No mortgage, no deposit, no estate agent – is this the future of house buying?

A developer-cum-finance house is marketing a deal which allows people to buy a home without a mortgage and without a deposit – and, so far at least, no estate agents.
This so-called home payment plan has in fact existed in the north east of England for three years already and has several dozens of owners who have used it. But the firm behind it, the Gentoo Group – which describes itself as a ‘profits for purpose’ company – now wants to extend its reach across the country.

It works like this: Gentoo buys, builds or redevelops properties which it then sells at open market value. But instead of selling it via an agent in the conventional way, it sells via an in-house financial product called the ‘Genie home purchase plan’ which operates along similar lines to sharia mortgages.

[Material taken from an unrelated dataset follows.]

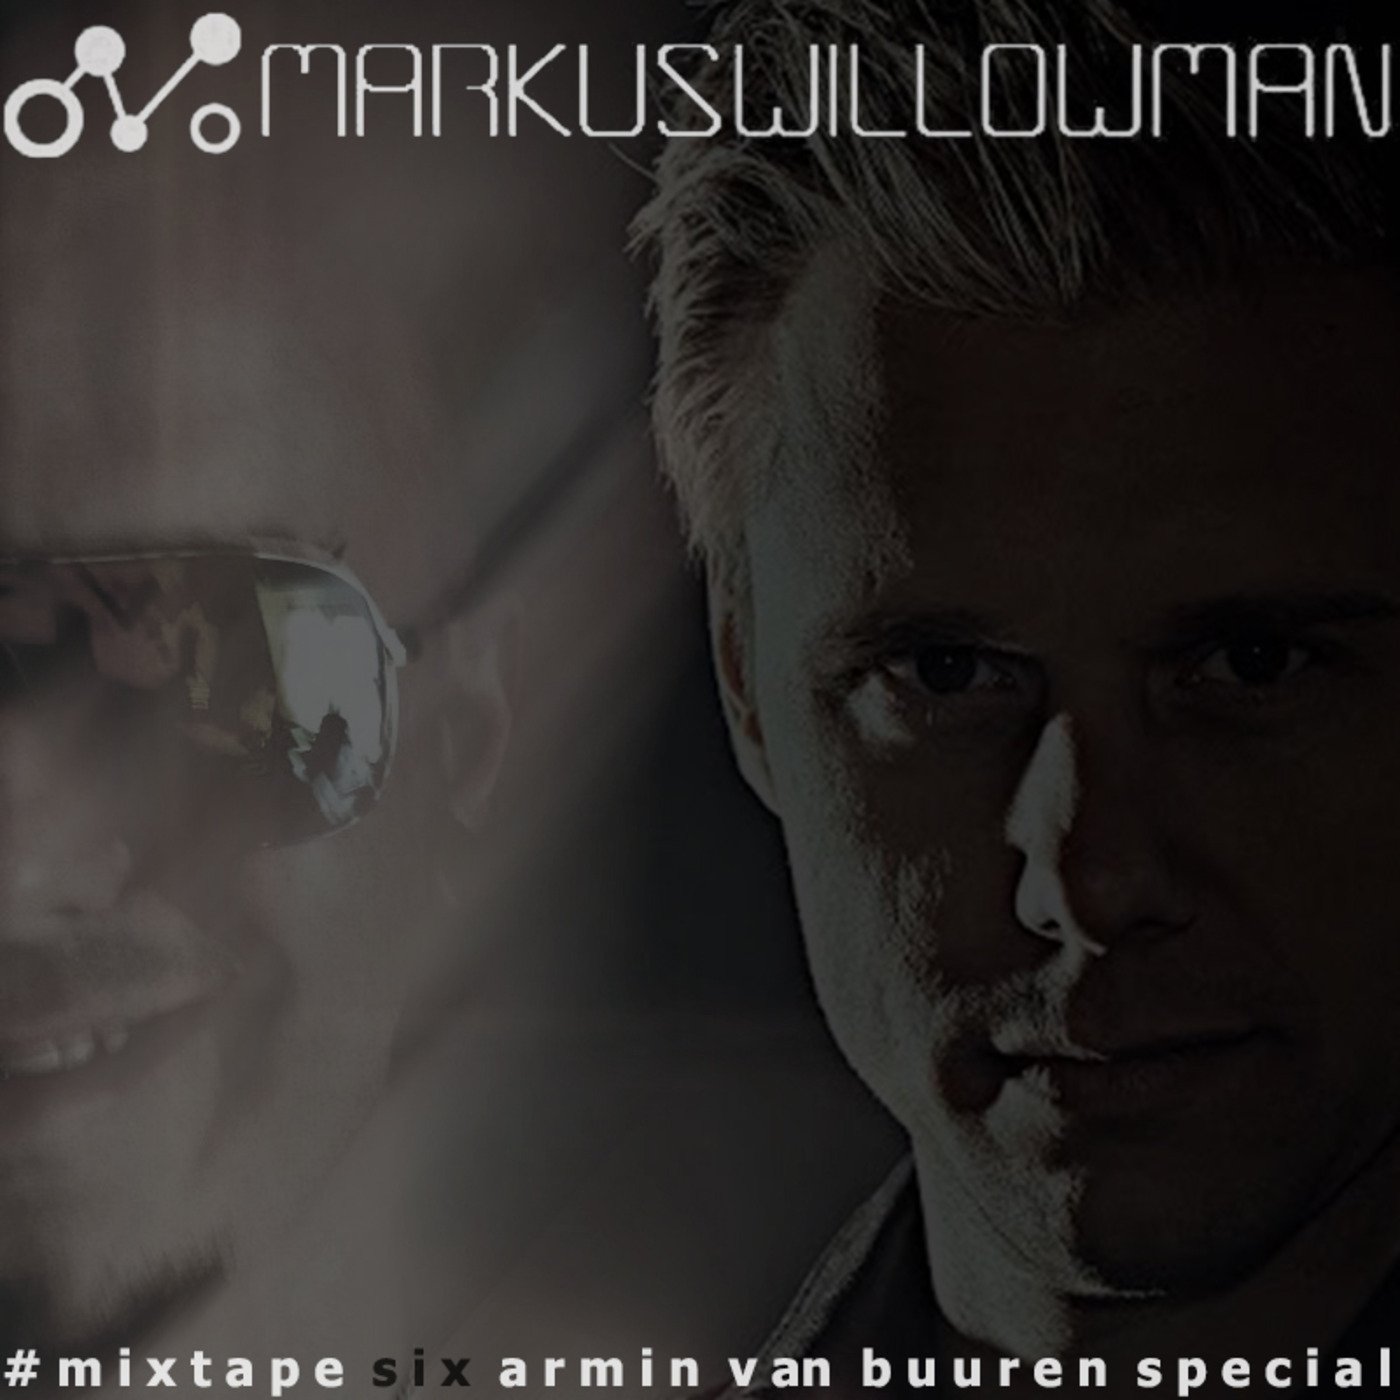 Mixtape6 by Markus Willowman (Armin Van Buuren Special)
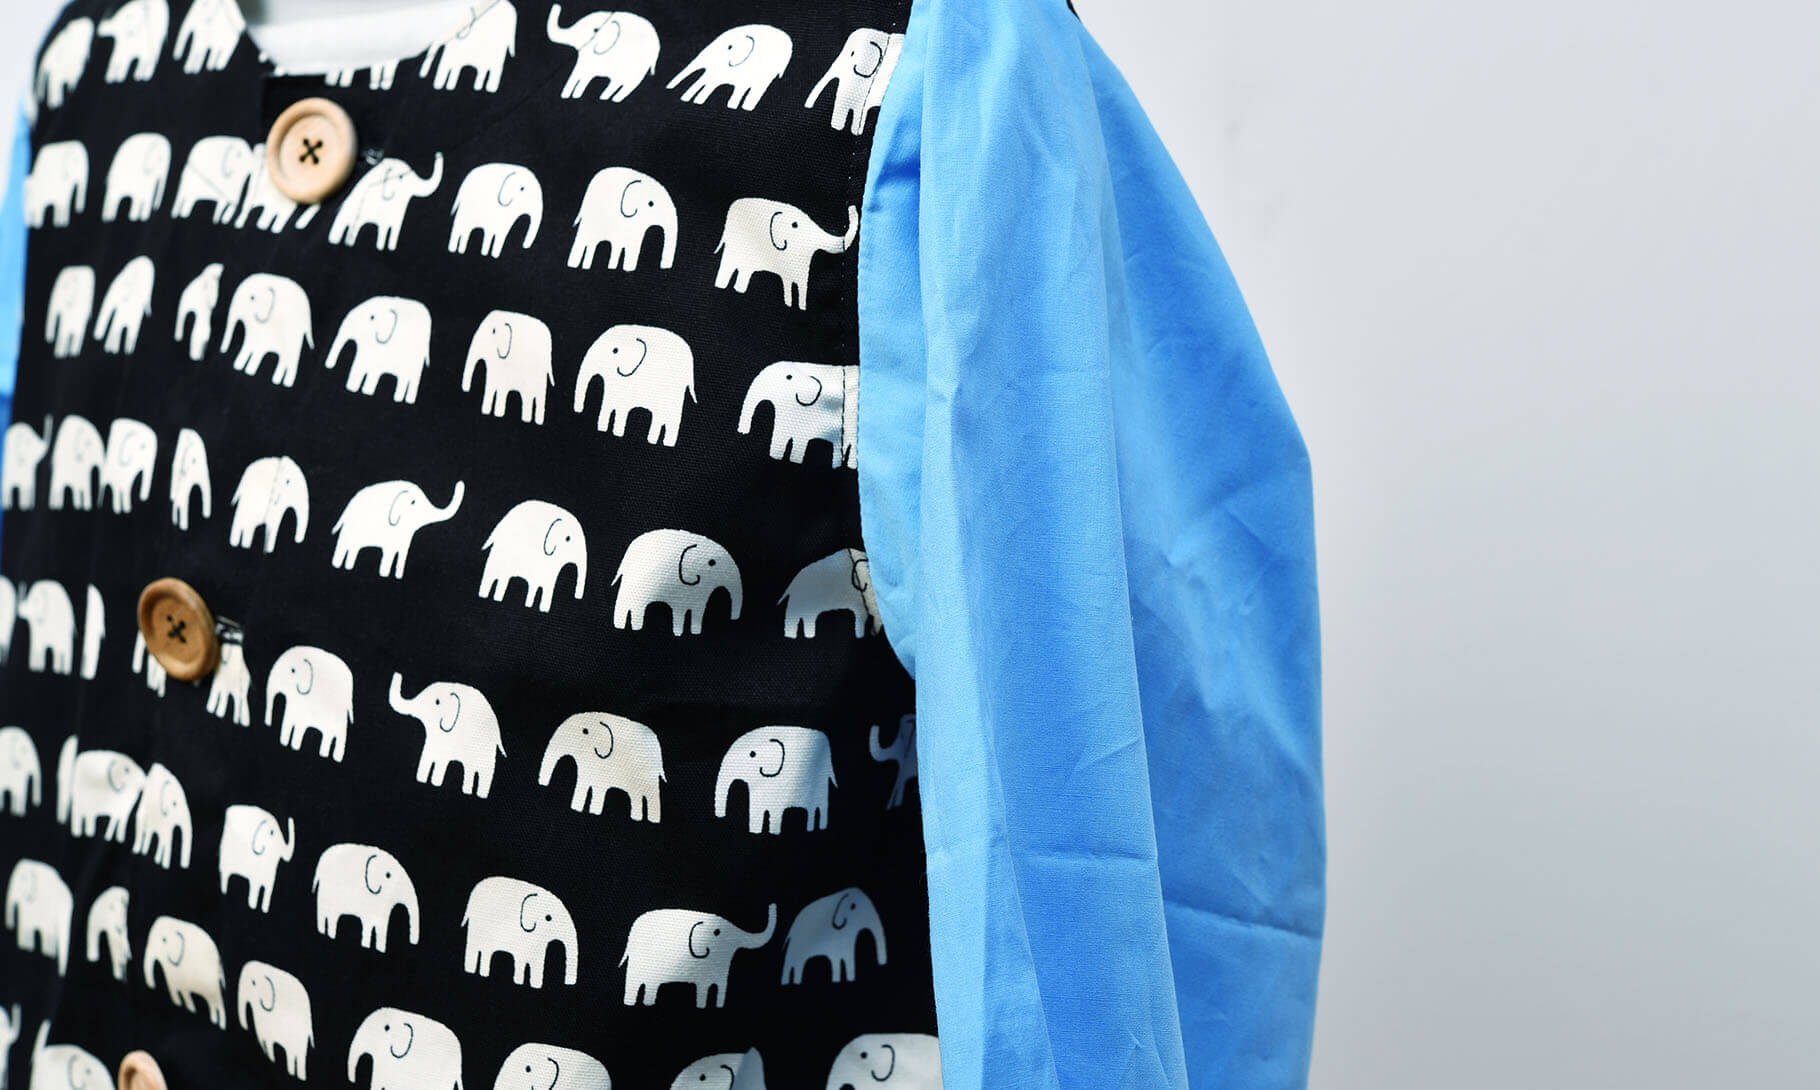 スモック(お持ち込み生地本体 ゾウ柄、お持ち込み生地袖 ブルー)袖縫い付け部分アップ

Instead of putting down a deposit and instead of securing a mortgage involving interest payments, the purchaser pays monthly instalments on a 30-year plan. At the end of the 30 years, the home is fully-owned by the purchaser; along the way, the owner’s monthly payments gives him or her part-ownership, depending on the number of payments made.

Gentoo says over the course of 30 years the total paid by the purchaser would be the equivalent of a mortgage with a 6.8 per cent APR.

The product is regulated by the Financial Conduct Authority, customers are credit checked in the usual way, and the purchaser has the typical financial responsibilities associated with a mortgage – that is, to pay monthly and to be obliged to pay the full amount of the value of the property if it is sold prior to the end of the 30 year term, even if at the time of sale its value is lower than its original purchase price.

Gentoo has first refusal to buy should a client sell before the end of 30 years, but if the firm declines the owner can instruct an estate agent to sell on the open market.

The firm wants to spread beyond the relatively low-cost housing market of the north east of England, where it has won considerable praise from housing market analysts and politicians for offering at least an alternative for people to get on the housing ladder.